Start of Listed records

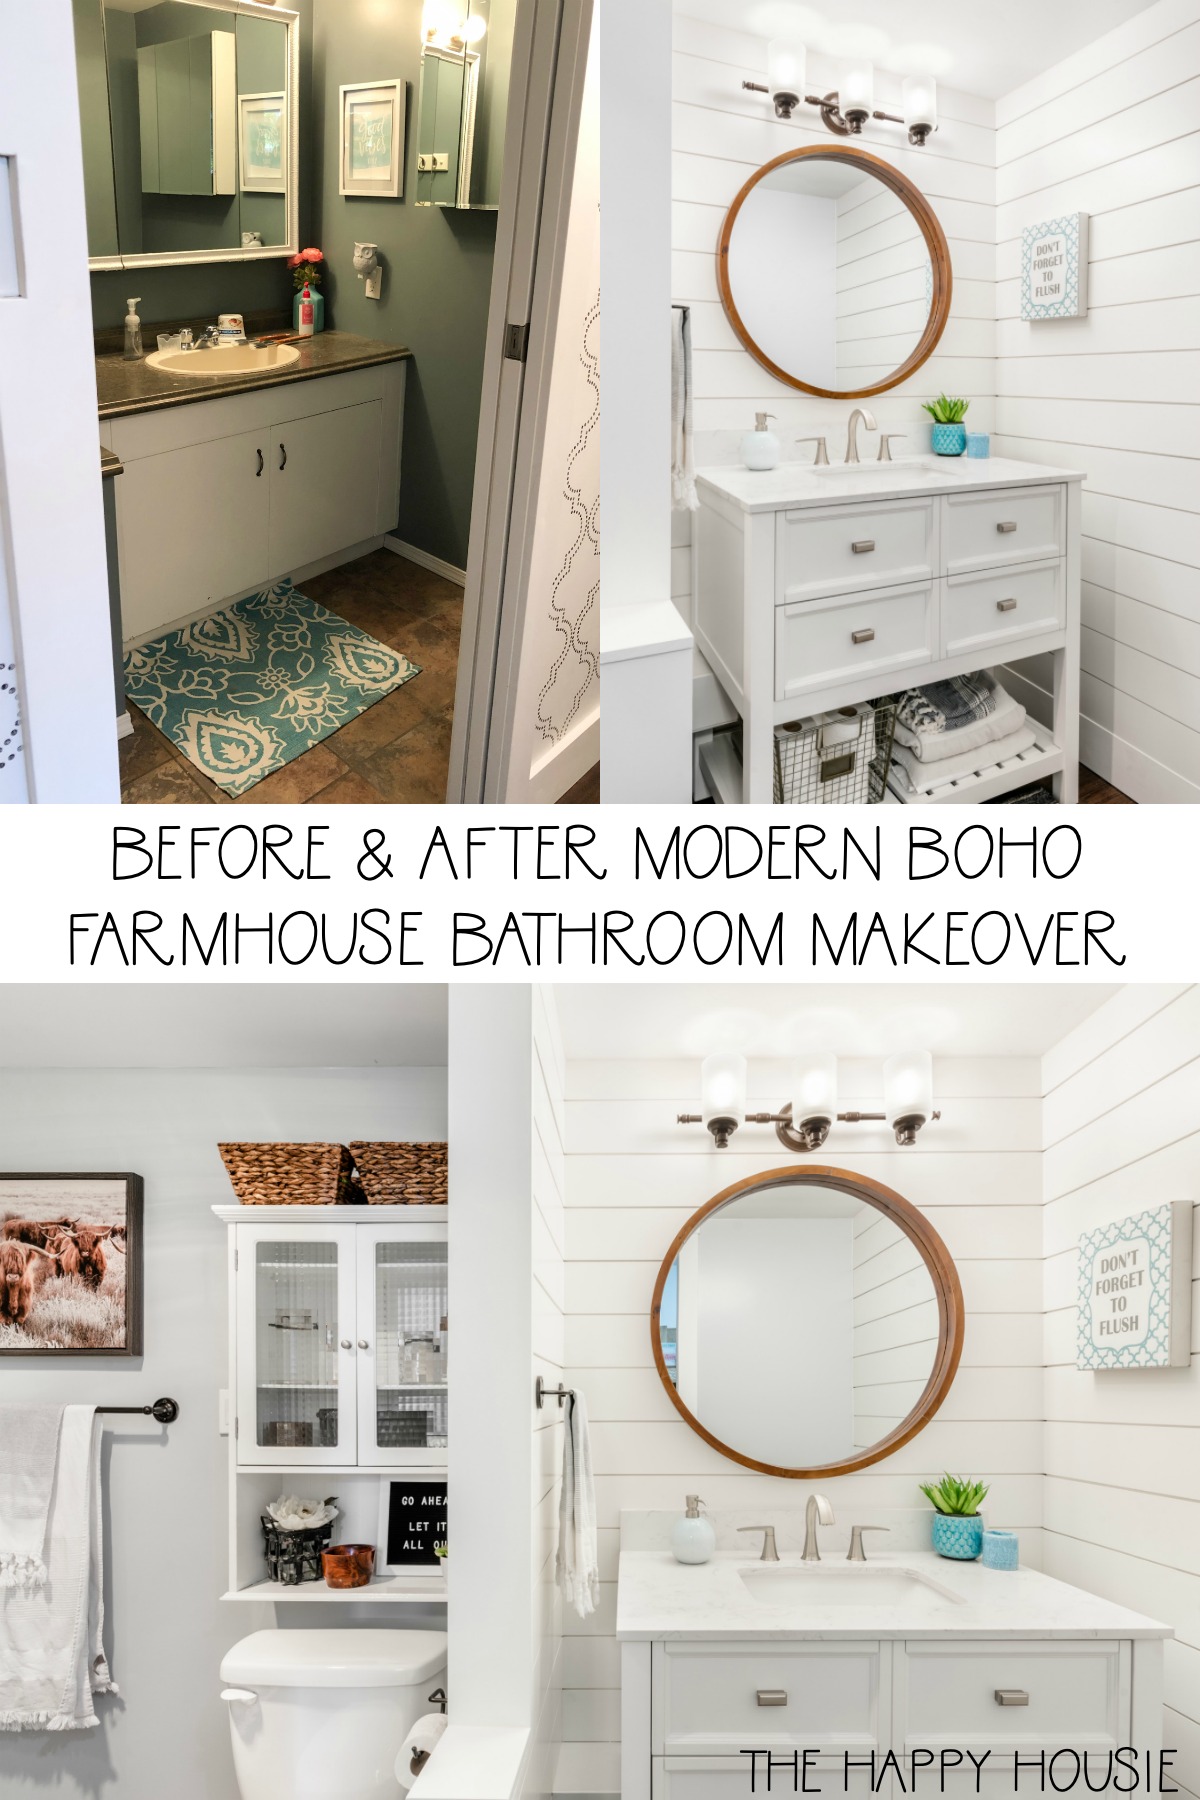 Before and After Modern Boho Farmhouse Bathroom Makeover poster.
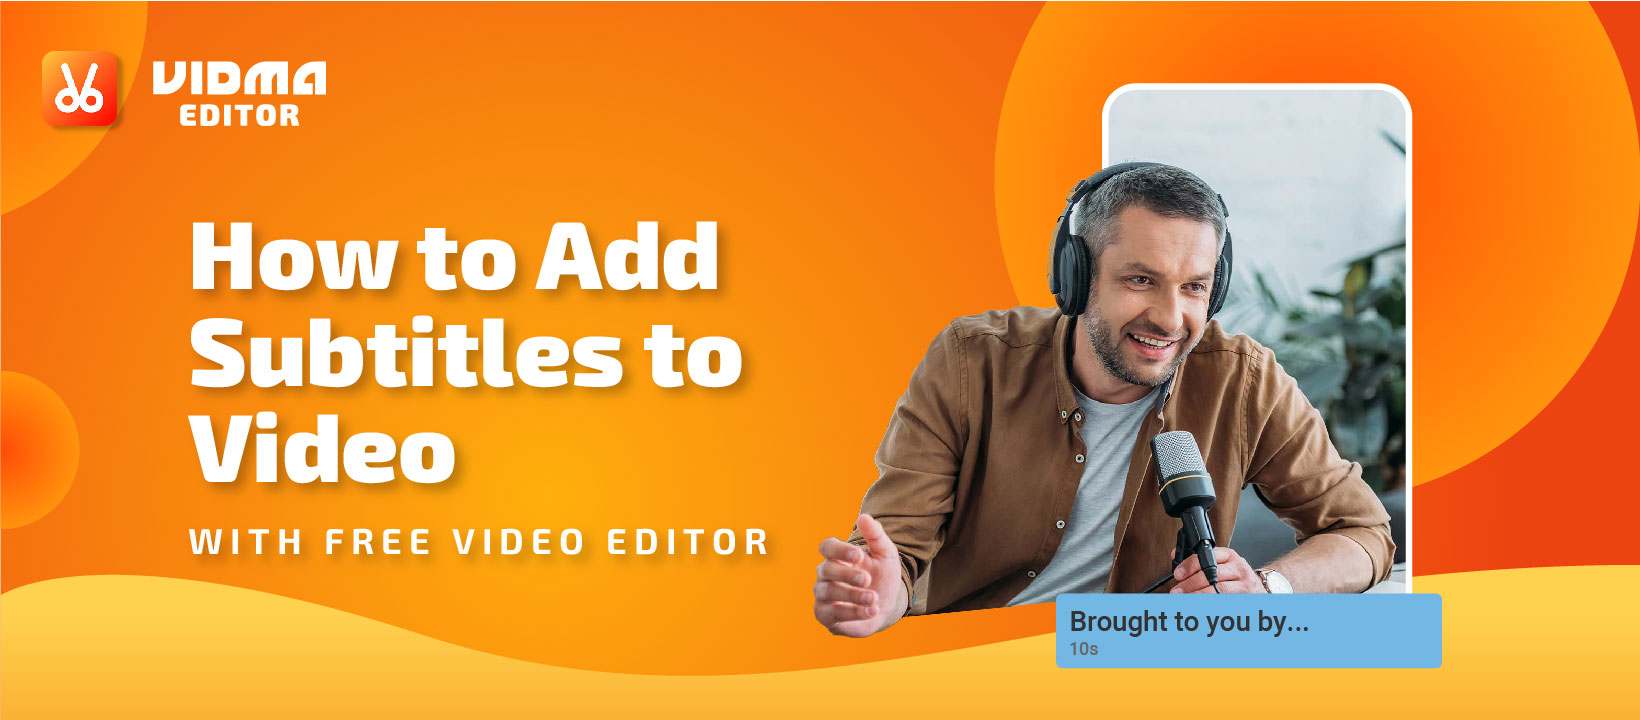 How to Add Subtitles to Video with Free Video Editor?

End of Listed records
Start of Listed records

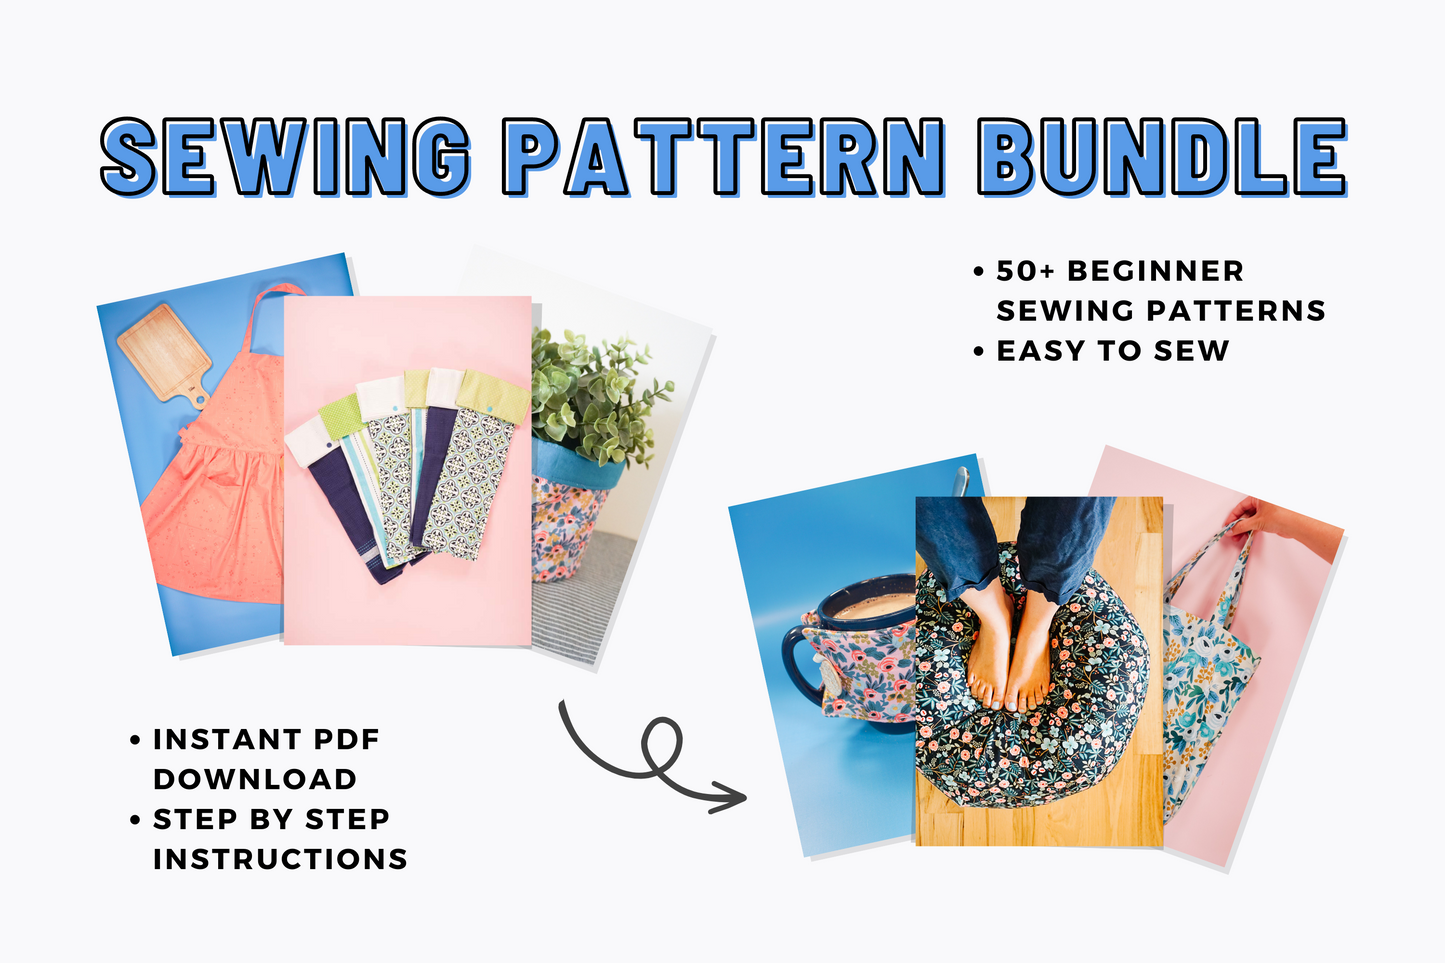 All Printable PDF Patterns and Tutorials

End of Listed records
Start of Listed records

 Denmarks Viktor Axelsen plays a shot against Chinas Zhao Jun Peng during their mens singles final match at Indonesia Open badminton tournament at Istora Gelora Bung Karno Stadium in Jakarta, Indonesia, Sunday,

End of Listed records

From the data above, return only the lines starting at the line that holds "Before and After" and ending at the line that holds "How to Add Subtitles", word for word and without pictures.

> **Response**:
 Before and After Modern Boho Farmhouse Bathroom Makeover poster.
 How to Add Subtitles to Video with Free Video Editor?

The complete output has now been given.